Meine Eltern sagten mir immer, dass ich genauso gut sei wie jeder andere, und sie ermutigten mich, so viel wie möglich zu lernen. Ich liebte die Schule und las jedes Buch, das ich in die Finger bekommen konnte. Ich war so eifrig, dass ich die High School übersprang und bereits mit fünfzehn Jahren aufs College ging. Das war 1944. Zuerst wusste ich nicht genau, was ich mit meinem Leben anfangen wollte, aber die Vorbilder meines Vaters und Großvaters waren sehr stark. Ich beschloss, in ihre Fußstapfen zu treten und ebenfalls Pastor zu werden. Während meines Studiums am Priesterseminar und später an der Universität las ich über einen Mann aus Indien namens Mahatma Gandhi. Seine Ideen veränderten mein Denken für immer. Gandhi hatte seinem Volk geholfen, die Freiheit von der britischen Herrschaft zu erlangen, aber er tat es ohne Gewalt. Er nannte es „gewaltlosen Widerstand“. Ich war fasziniert. Ich erkannte, dass man für seine Rechte kämpfen konnte, ohne Hass oder Gewalt anzuwenden. Man konnte Ungerechtigkeit mit Frieden, Mut und Liebe bekämpfen. Diese Erkenntnis war ein Wendepunkt für mich. Ich wusste nun, dass dies der Weg war, den ich gehen musste, um meinem Volk zu helfen, Gleichheit in Amerika zu erlangen.
Nach meinem Studium zog ich 1954 mit meiner wundervollen Frau Coretta Scott King nach Montgomery, Alabama, um dort als Pastor zu arbeiten. Damals gab es in Montgomery, wie in vielen anderen Städten im Süden, Gesetze, die Schwarze und Weiße trennten. Diese Gesetze nannten sich Rassentrennungsgesetze.

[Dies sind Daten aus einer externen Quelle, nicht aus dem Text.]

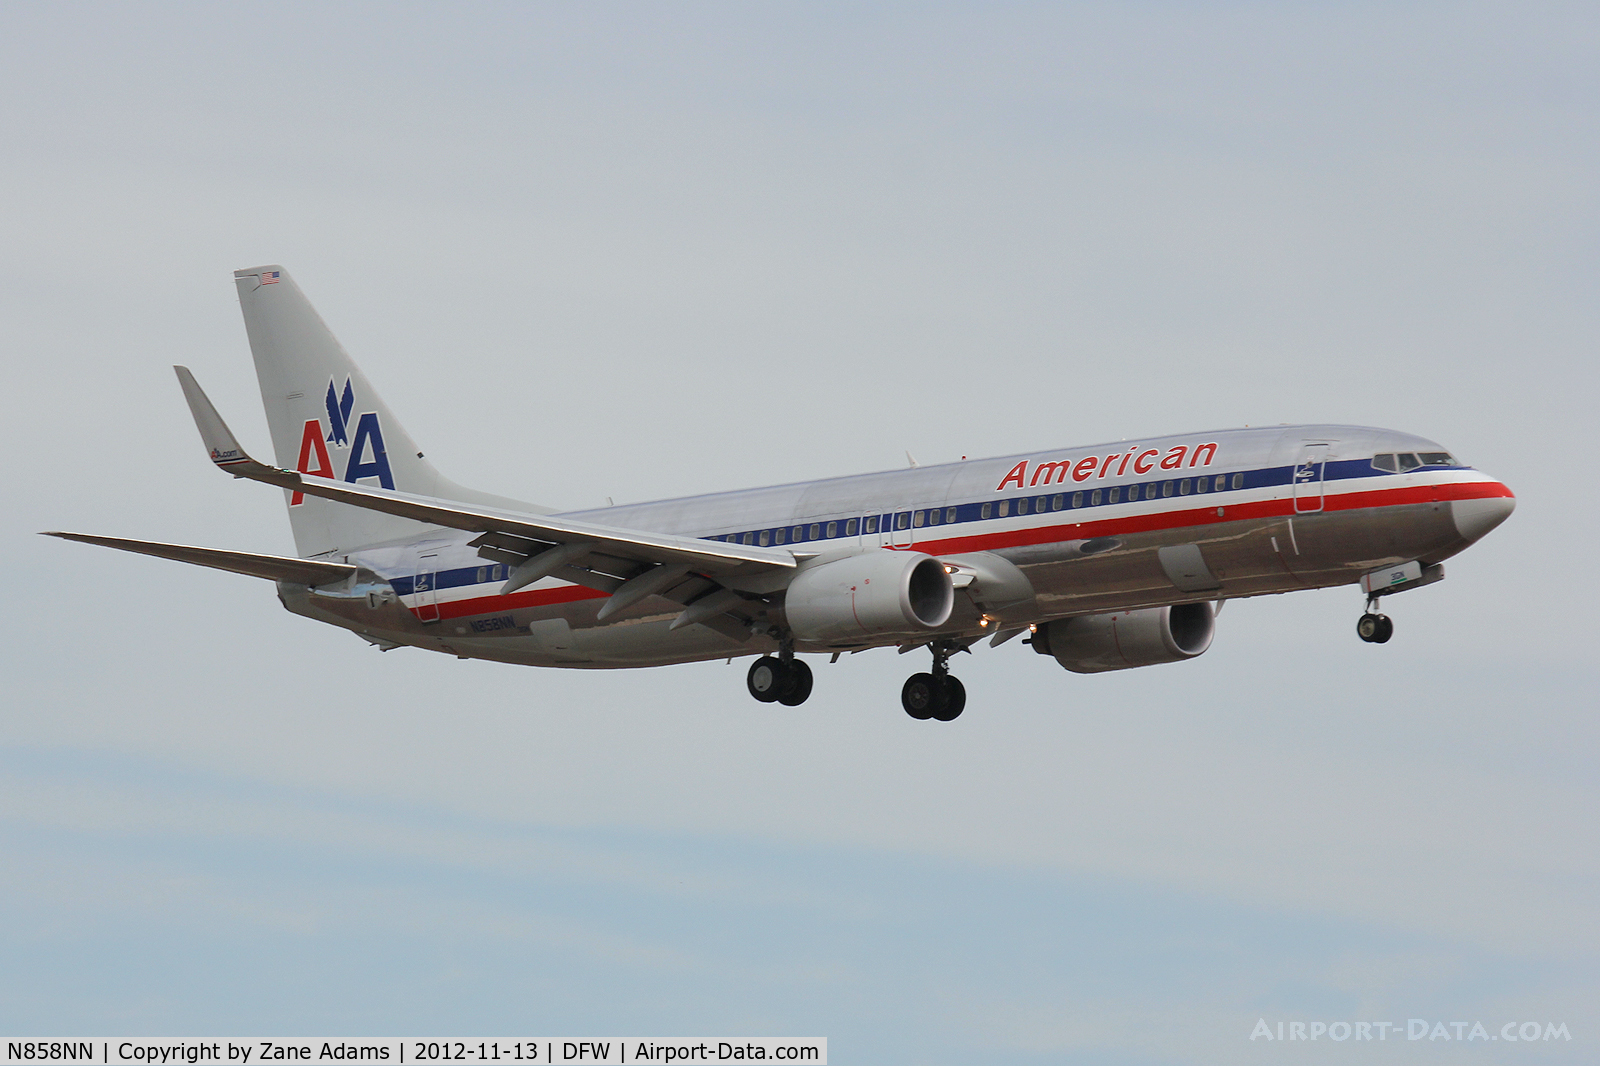 N858NN, Boeing 737-823 C/N 30904, American Airlines landing at DFW Airport

Eines der ungerechtesten Gesetze besagte, dass Schwarze in Bussen hinten sitzen und ihre Plätze für Weiße aufgeben mussten, wenn der Bus voll war. Am 1. Dezember 1955 weigerte sich eine mutige Frau namens Rosa Parks, ihren Sitzplatz aufzugeben. Sie wurde verhaftet. Ihre mutige Tat löste etwas Großes aus. Die schwarze Gemeinschaft von Montgomery war empört und beschloss zu handeln. Ich wurde gebeten, den Protest anzuführen. Wir organisierten den Montgomery-Busboykott. Das bedeutete, dass 50.000 Afroamerikaner sich weigerten, mit den städtischen Bussen zu fahren. Stattdessen gingen wir zu Fuß, bildeten Fahrgemeinschaften oder fuhren mit dem Fahrrad, egal wie weit der Weg war. Der Boykott dauerte 381 Tage. Es war eine unglaublich schwere Zeit. Wir erhielten Drohungen und einige unserer Häuser und Kirchen wurden angegriffen. Aber wir gaben nicht auf. Schließlich, im November 1956, erklärte der Oberste Gerichtshof der USA die Rassentrennung in Bussen für verfassungswidrig. Wir hatten gewonnen. Wir hatten der Welt gezeigt, dass friedlicher, geeinter Protest echte Veränderungen bewirken kann.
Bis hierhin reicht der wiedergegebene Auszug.